Re: New XYENC 1/13/09 release



Harry Binswanger wrote on Tue, 20 Jan 2009 22:15:52 -0500
>Wally,

>I have a couple of questions [about XYENC/XYDEC] to which
>you must have obvious answers.

>1. Why are underlines used instead of spaces?

A basic rule of the XYDEC program is that you can add whitespace (blanks,
tabs, CRLFs) willy-nilly to its XYENC encoded input file without affecting
the decode back to the original. The XYENC encoder doesn't itself actually
add whitespace, but the provision for allowing whitespace is what allows
the user to do so, and allows for XPL programs like QDF1.PM to do so, to
"format" the material and make it more readable, if and when that is
desired.

In getting back to the original, XYDEC then throws away blanks and other
white space, also willy nilly. But blanks are generally significant in XPL
programs, so XYDEC must preserve exactly those blanks THAT WERE IN THE
ORIGINAL. So whitespace that was in the original has to be translated to
something other than blanks, to differentiate it from blanks that the
users might have added to the encoded file for formatting purpose.
Underscore is I think the best character to use for that translation, to
allow the user to be able to see where there actually were spaces in the
original. Generally, there aren't many blanks in XPL code, so the
underscores aren't that hard to digest.

>2. Why is ;*; encoded to something other than ;*; and,
>given that it is encoded, why to: ',*','^

Well firstly, you should understand that XYENC doesn't "understand" and
encode sequences like ";*;" -- it only encodes individual characters. So
it doesn't encode "the sequence" at all. XYENC encodes individual
"characters" in a uniform way regardless of context. (By "characters" in
the preceding, I'm also including the 3 byte encodings that XyWrite treats
as single characters.)

(Almost) any character in XyWrite XPL can be either 1 byte encoded or 3
byte encoded, and the way a character is encoded in an XPL program can
make a difference in what the XPL program does. In encoding, XYENC must do
away with all 3 byte encodings, because they're not ASCII, and because
they're not useable or acceptable ANYWHERE except inside XyWrite.

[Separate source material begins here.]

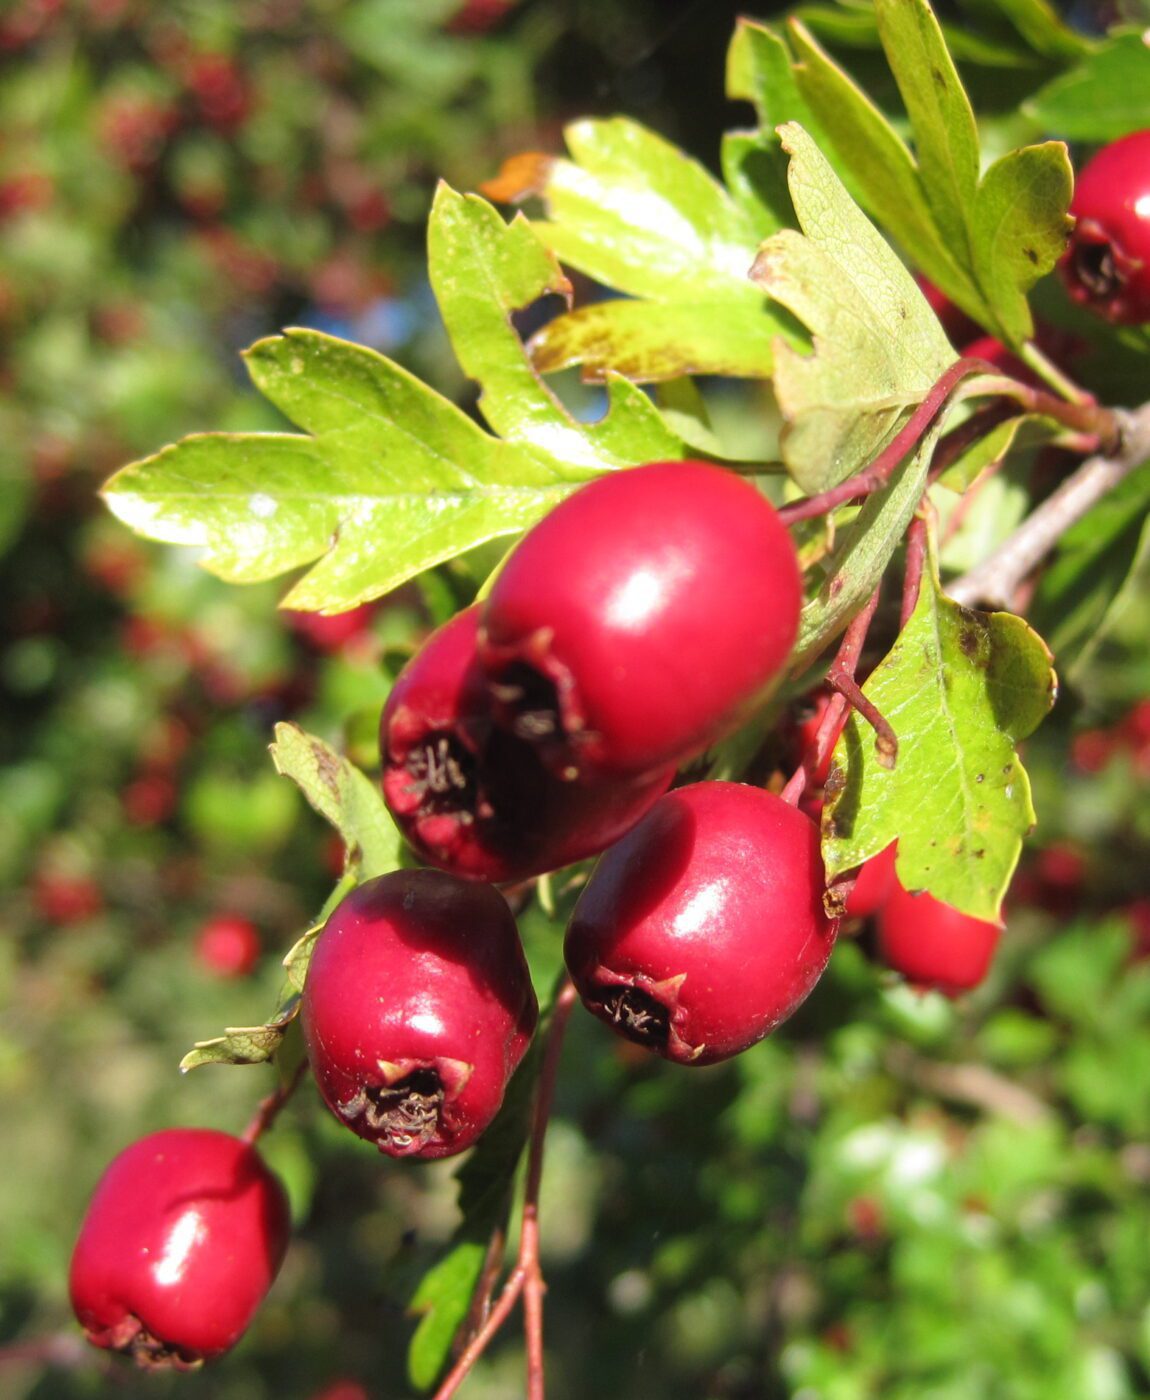 Hawthorn berries in September

Conceptually, XYENC deals with that by simply translating all 3 byte
encodings in its input to the 1 byte representation of the same character.
But in order to get the 3 byte version back during decode, XYENC has to
"mark" the characters in the encoded file that were originally 3 byte
encodings. This allows XYDEC to convert them back to 3 byte encodings
during decode.

The way that XYENC "marks" bytes that were originally encoded as three
bytes is to precede them in the encoded file with a ":" character (if they
were originally the old fashioned XyWrite III+ 3 byte encodings), or a ";"
character (if they were encoded as 3 byte XyWrite IV "red pseudo-wildcard"
characters). Hence, XYENC can no longer allow actual ":" or ";" characters
in the original text to simply be passed through during encoding. If it
allowed them to pass through at encode time, it would have no way at
decode time to tell which ":"'s and ";"'s were "real" ":"'s
and ";"'s, vs.
which ":"'s and ";"'s were generated by the 3 byte encode "marking"
strategy.

So XYENC has to translate "real" ":" and ";" input characters to
something
else. There aren't any free characters to use, so a multibyte sequence has
to be used. For ";", that sequence just happens to be "',", which is
visually about as close to ";" as I could get.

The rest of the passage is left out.